» DATA EXTRACT
□ □ □ □ □ □ □

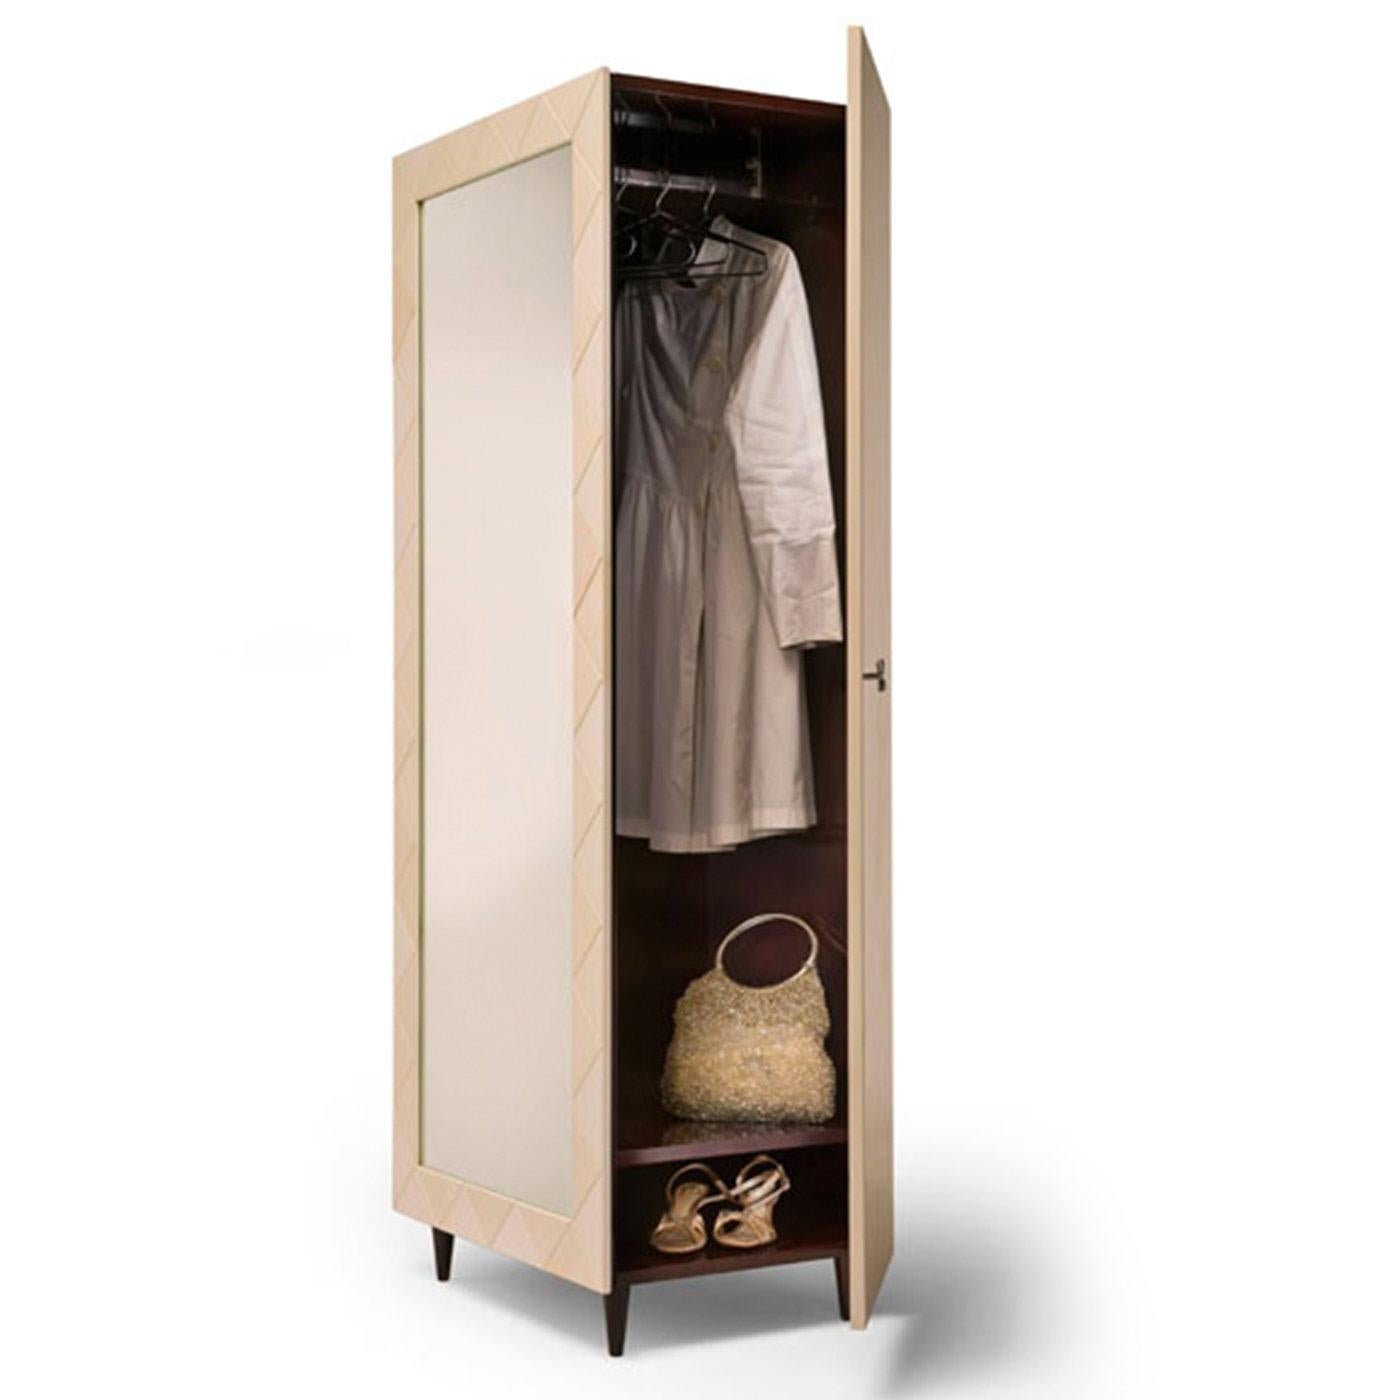 The essential lines of this small wardrobe from the Momiji Collection offer a stylish storage solution for a modern entryway or guest bedroom. The rectangular structure is wrapped in matte natural parchment with a front large mirror. The right side
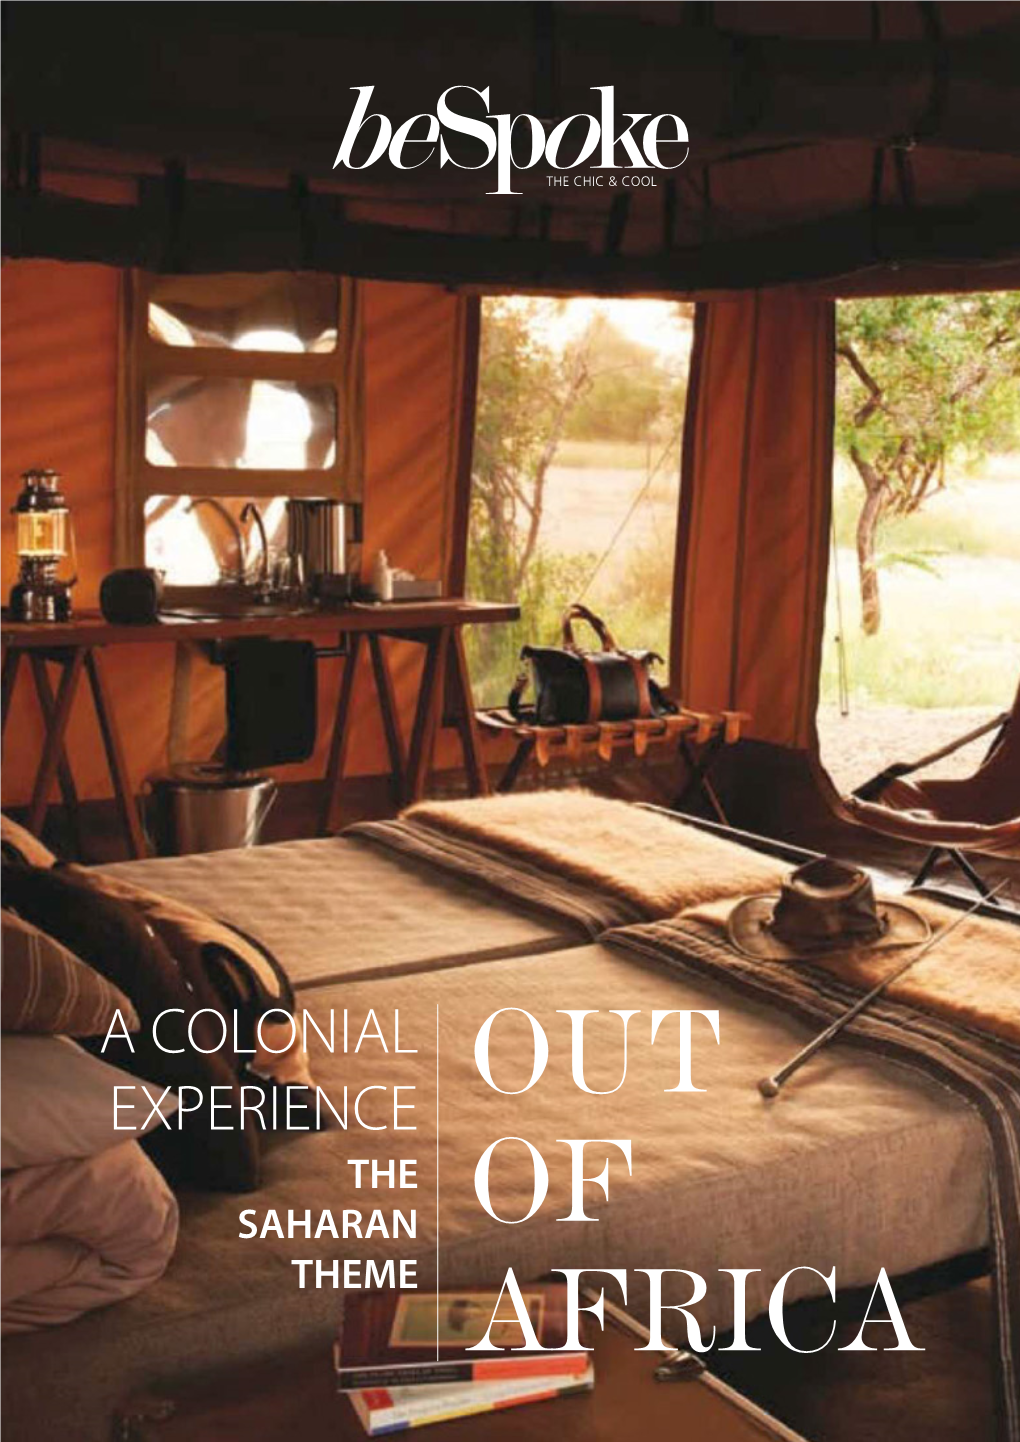 A COLONIAL EXPERIENCE out the SAHARAN of THEME AFRICA “To Really Live
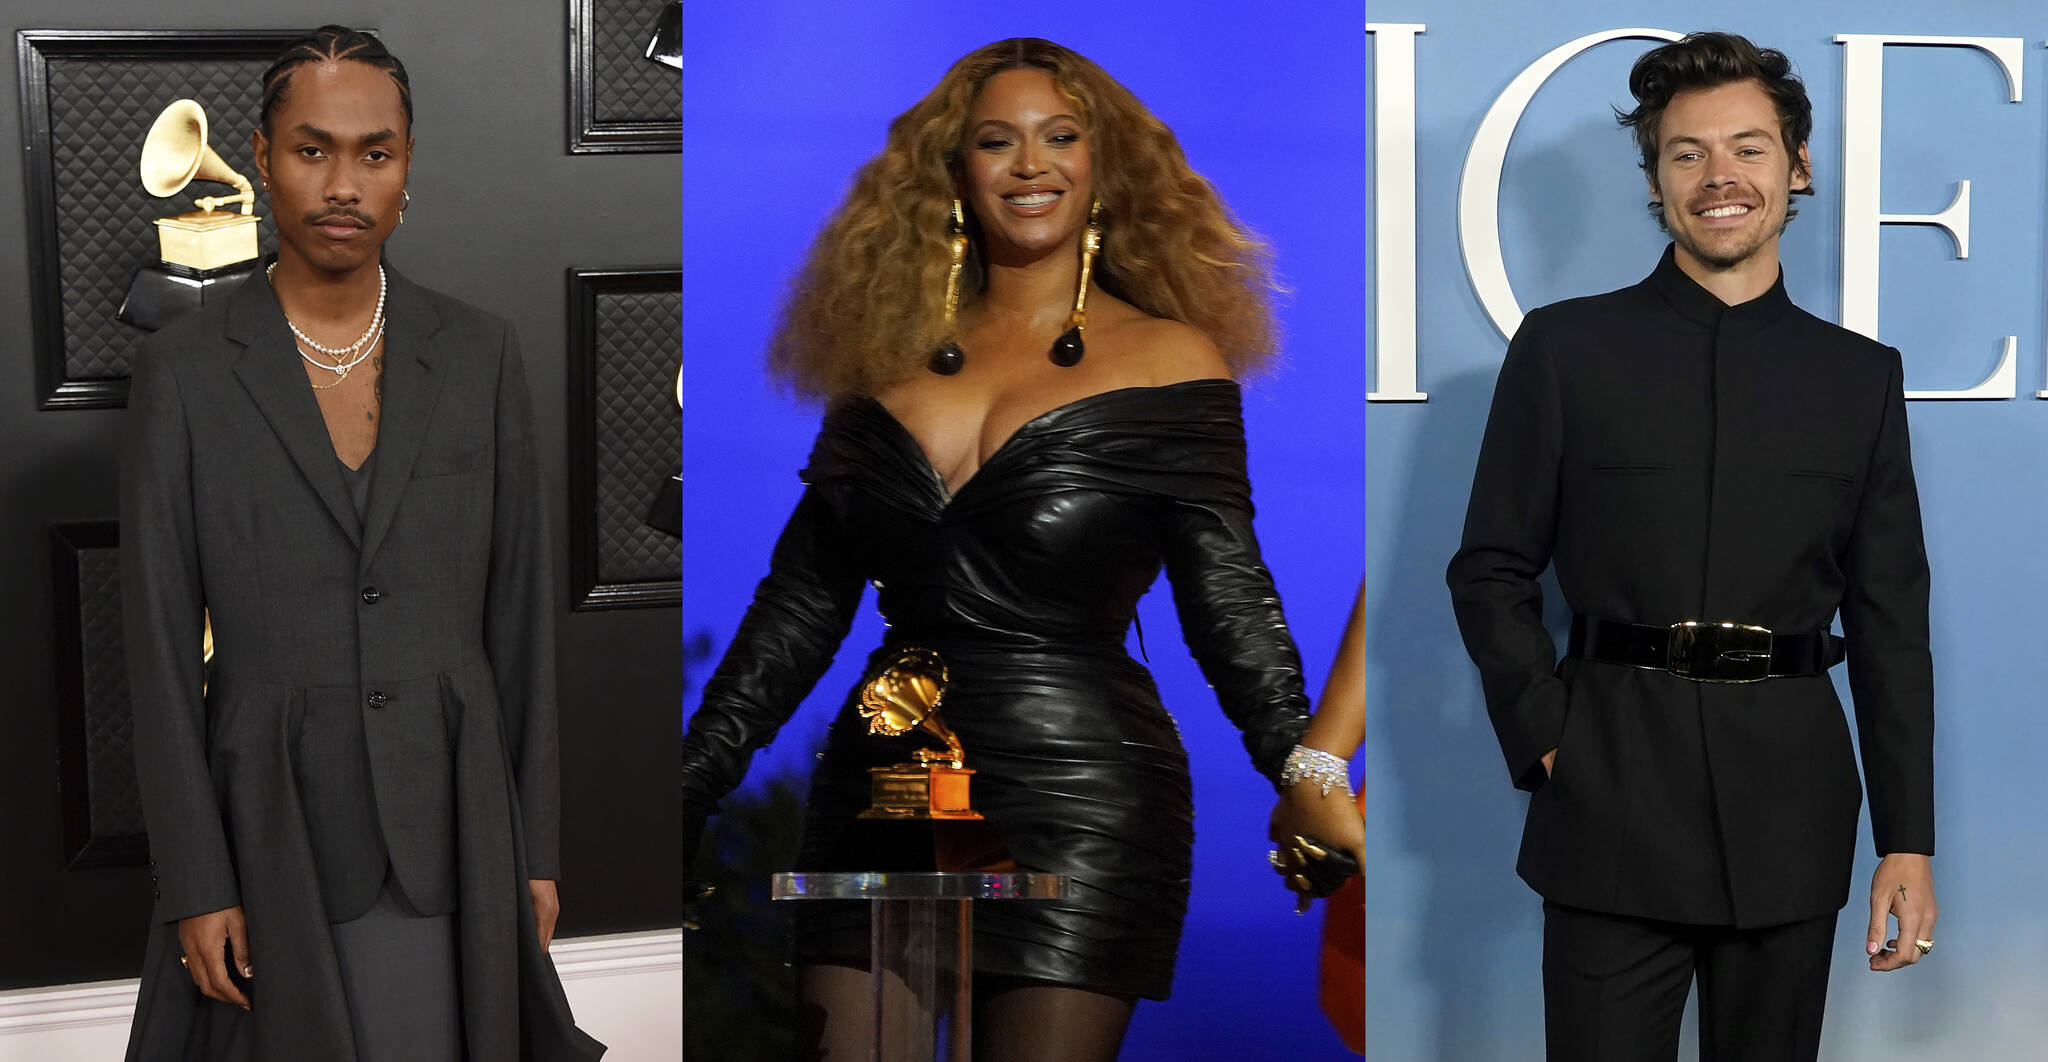 This combination of photos shows musicians, Steve Lacy, left, Beyonce, center, and Harry Styles. Lacy’s “Bad Habit” topped the Billboard Hot 100 chart and has continued to thrive. Beyoncé’s “Cuff It” track captures the spirit of fun, romance and infatuation. Style’s chart-topper “As It Was” is a bittersweet and brightly packaged bop. (AP Photo)

□ □ □ □ □ □ □

» EXERCISE
Write out the material above again, word for word, minus its pictures.

» TASK OUTPUT
 The essential lines of this small wardrobe from the Momiji Collection offer a stylish storage solution for a modern entryway or guest bedroom. The rectangular structure is wrapped in matte natural parchment with a front large mirror. The right side
 A COLONIAL EXPERIENCE out the SAHARAN of THEME AFRICA “To Really Live
 This combination of photos shows musicians, Steve Lacy, left, Beyonce, center, and Harry Styles. Lacy’s “Bad Habit” topped the Billboard Hot 100 chart and has continued to thrive. Beyoncé’s “Cuff It” track captures the spirit of fun, romance and infatuation. Style’s chart-topper “As It Was” is a bittersweet and brightly packaged bop. (AP Photo)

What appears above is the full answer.